Disputa sin destiempo | 5 de Septiembre.

La mitad de los hombres en la actualidad se reconocen como metrosexuales./Foto: Internet

Corría el año 1978. Recuerdo era una clase vespertina de Historia en la Escuela Vocacional Ernesto Che Guevara y la profesora regañó al discípulo por sacar un peine de los más grandes, pues según ella, dijo en voz alta que lo consideraba “de mujer”.

Entonces el aludido, con el matiz rebelde de adolescente, preguntó: ¿Dónde lo dice? El rostro de la docente quedó atónito, y lo guardé en la memoria con una mezcla de estupor ante la juvenil irreverencia y ambivalentes conceptos sobre la moda y los jóvenes, cuyas disputas siempre están en boga.

Tras cuatro décadas del citado incidente, han transcurrido cambios para estupefacción de quienes vivimos tales conservadurismos. En 1994, el periodista británico Mark Simpson acuñó con el término metrosexual, la tendencia de varones héteros a apropiarse de atributos femeninos.

A estas alturas, la escuela cubana no ha podido abducir la predilección. La etimología es composición lingüística proveniente del vocablo relacionado con “joven de metrópolis” o urbano, y la palabra sexual, sin implicaciones de orientación de género.

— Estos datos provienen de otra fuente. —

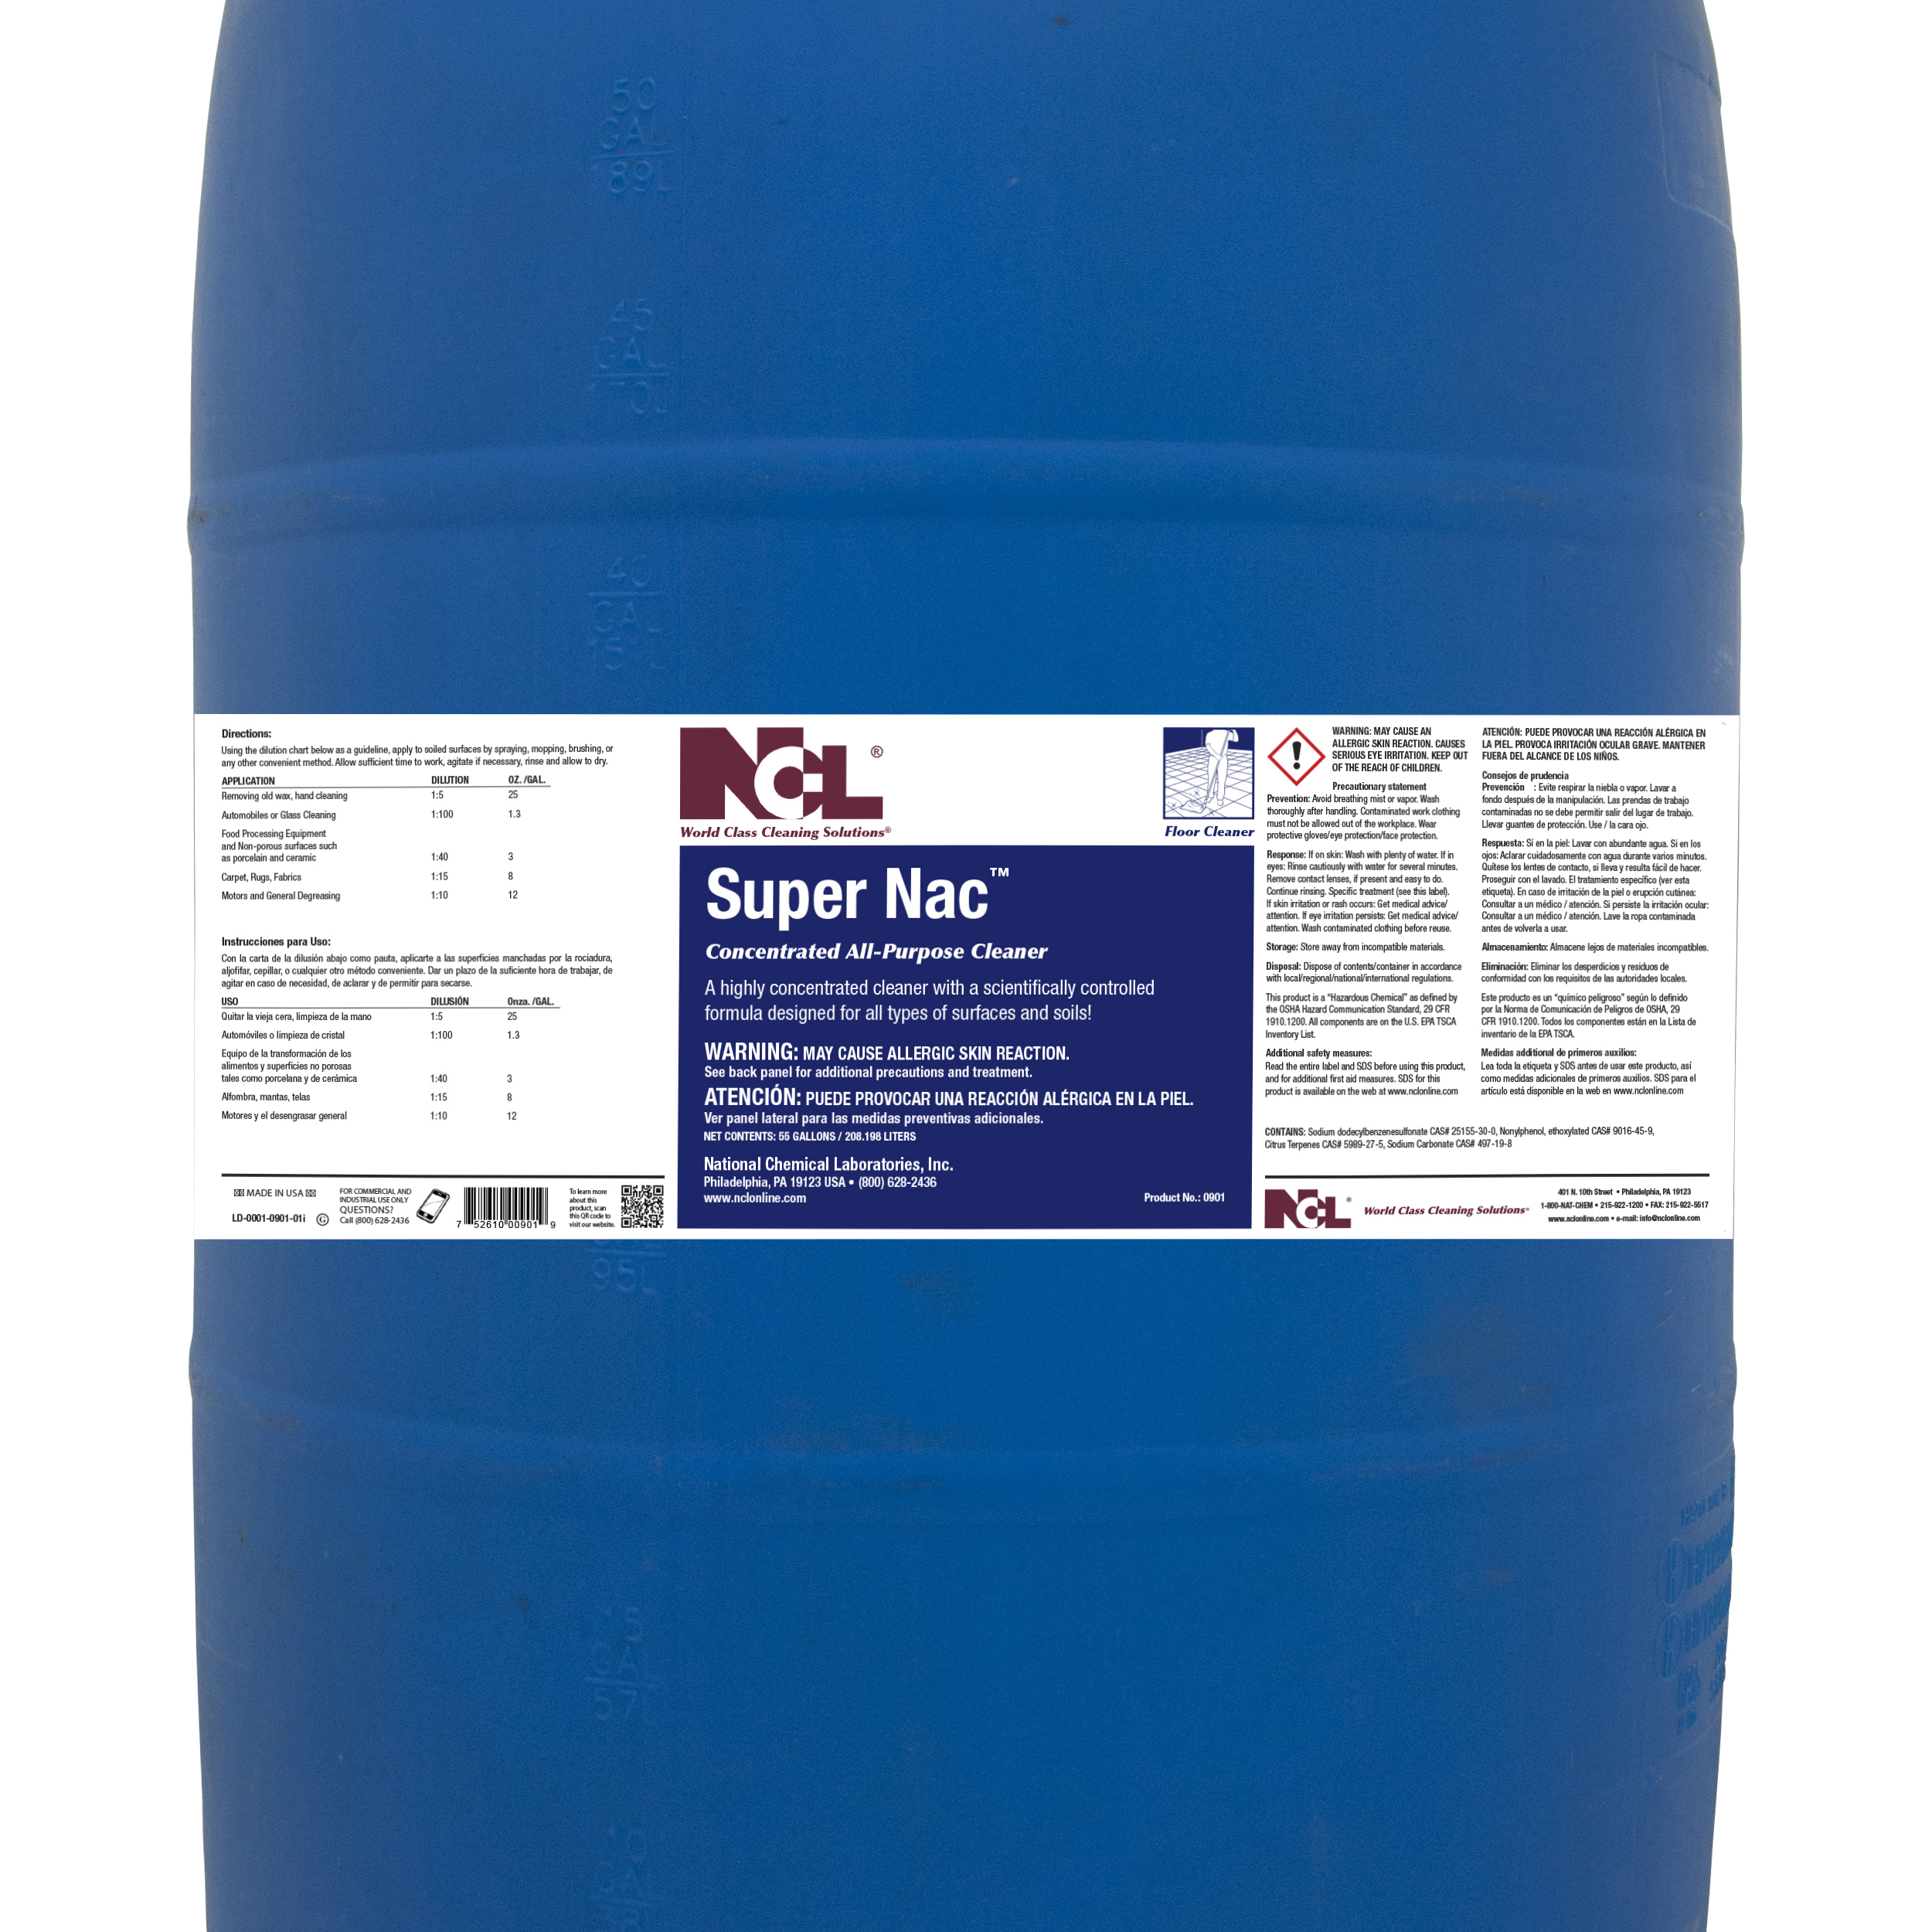  SUPER NAC Concentrated All Purpose Cleaner 55 Gallon Drum (NCL0901-18)

Vemos entonces a varones con aretes y cejas depiladas, a la postre combinados con la vestimenta escolar actualmente en nuestras escuelas. Pero no siempre las modas y el reglamento para uso del uniforme son bien llevados.

La Resolución 186, que rige estas normativas, es flexible, pues cada centro educacional adapta estas medidas teniendo en cuenta sus particularidades, y ahí caben informalidades uniformadas y hasta extremismos.

Nuestro semanario, en artículo nombrado Sin uniformar posibilidades, apuntó particularidades como el uso de las medias en las hembras, legislan “tapar el tobillo”, mientras casi todas las escuelas exigen “llegar a la rodilla”, más caras.

Salta también la contradicción entre la tolerancia de tendencias metrosexuales masculinas y propensiones del pelo bicolor en las muchachas.

Queda mucho por hacer en la conciencia tanto de educandos como de la familia y todos los sectores sociales, para defender el uniforme como símbolo y que las modas no signifiquen menoscabo de valores.

La batalla es intensa, pues enrumbar hacia equivalencias identitarias constituye un imperativo. Las desviaciones del uniforme escolar son metáforas de otros extravíos. Recientemente entrevisté a la Doctora en Ciencias Sociales Nereyda Moya Padilla, y ella refirió: “¿..Por qué un programa televisivo como el que vi hace poco, tiene que aludir a paradigmas extranjeros como Shakira y Piqué…?”

Podríamos, por ejemplo, darles más opciones a nuestros jóvenes con temas que los identifiquen con lo que aman del país en el que viven, de sus artistas, deportistas, de sus paisajes.

La paradoja entre la profesora de 1978 y las novedades contemporáneas muestran que más allá de una estética individual, de géneros, la moda marca estilos e historicidades, por eso es motivo para dialogar, para pensar más que criticar, para proponer más que imponer. No son los jóvenes los que cambian, sino los tiempos, y ahí está la eterna querella.